Poetic Style
Reading poetry is always more challenging than reading prose. Poets employ figurative language more intensively than most prose writers do, they leave much for readers to infer, and in many poetic traditions (including those of England and America in the relatively recent past) their language is deliberately archaic. Here, for example, are the first two stanzas of Thomas Gray’s Elegy Written in a Country Churchyard:
The curfew tolls the knell of parting day,
The lowing herd wind slowly o’er the lea,
The plowman homeward plods his weary way,
And leaves the world to darkness and to me.
Now fades the glimmering landscape on the sight,
And all the air a solemn stillness holds,
Save where the beetle wheels his droning flight,
And drowsy tinklings lull the distant folds.

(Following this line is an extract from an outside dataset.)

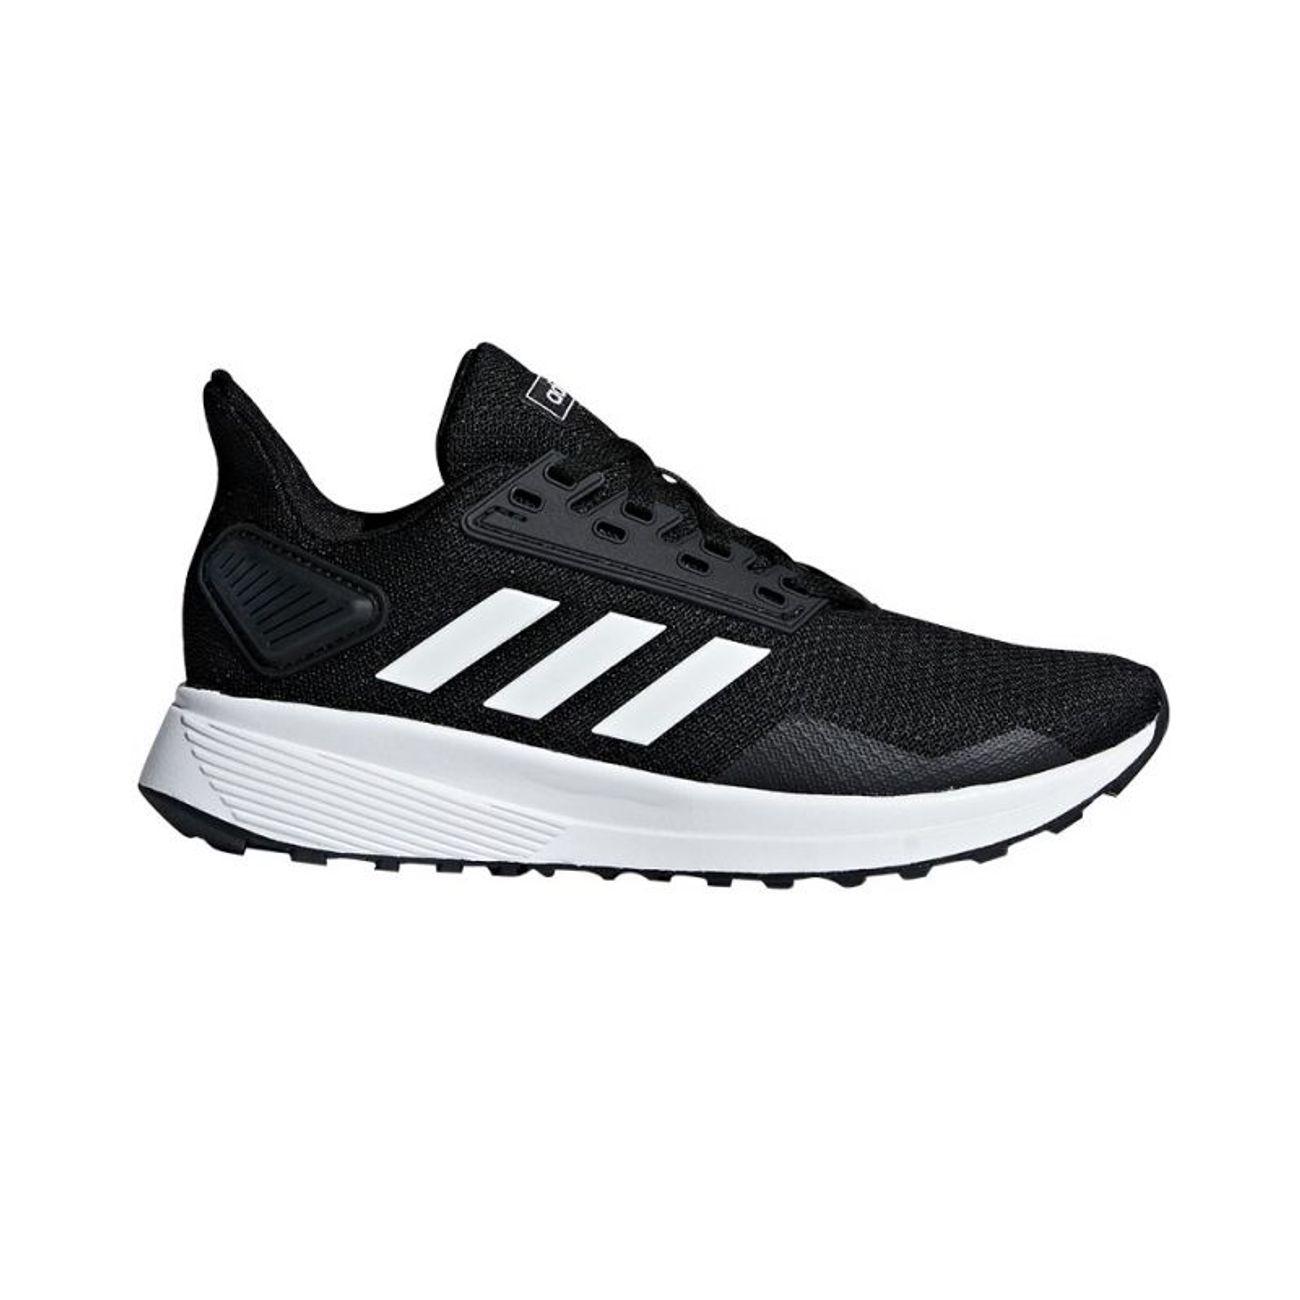 Adidas Duramo 8 – achat pas cher GO Sport

Gray’s eighteenth-century masterpiece has stylistic features rarely found in prose of that time. The contraction o’er ‘over’, dialectal in origin, is rare outside of poetry, and lea, from Old English lēah‘pasture, meadow’, had been an almost exclusively poetic word for centuries.
Further, the word-order of this passage makes it look strange to the modern eye. In line 3 an adverbial element (homeward) comes where it does not normally occur, line 5 has the word-order Verb-Subject, and line 6 has Subject . . . Verb. These three divergences from Modern English word-order would make good Old English, as you remember from Chapter 12. Gray’s use of such archaisms is typical of the poetic idiom of his time, and although that idiom is now out of favor, we still recognize it with no difficulty.
Old English poetry employs a number of words that are rarely or never found in prose, and its syntax differs from that of prose in several respects. The result of these differences is that there is a distinctively poetic Old English idiom, which probably was as easily recognizable to Englishmen of that time as Gray’s poetic idiom is to us.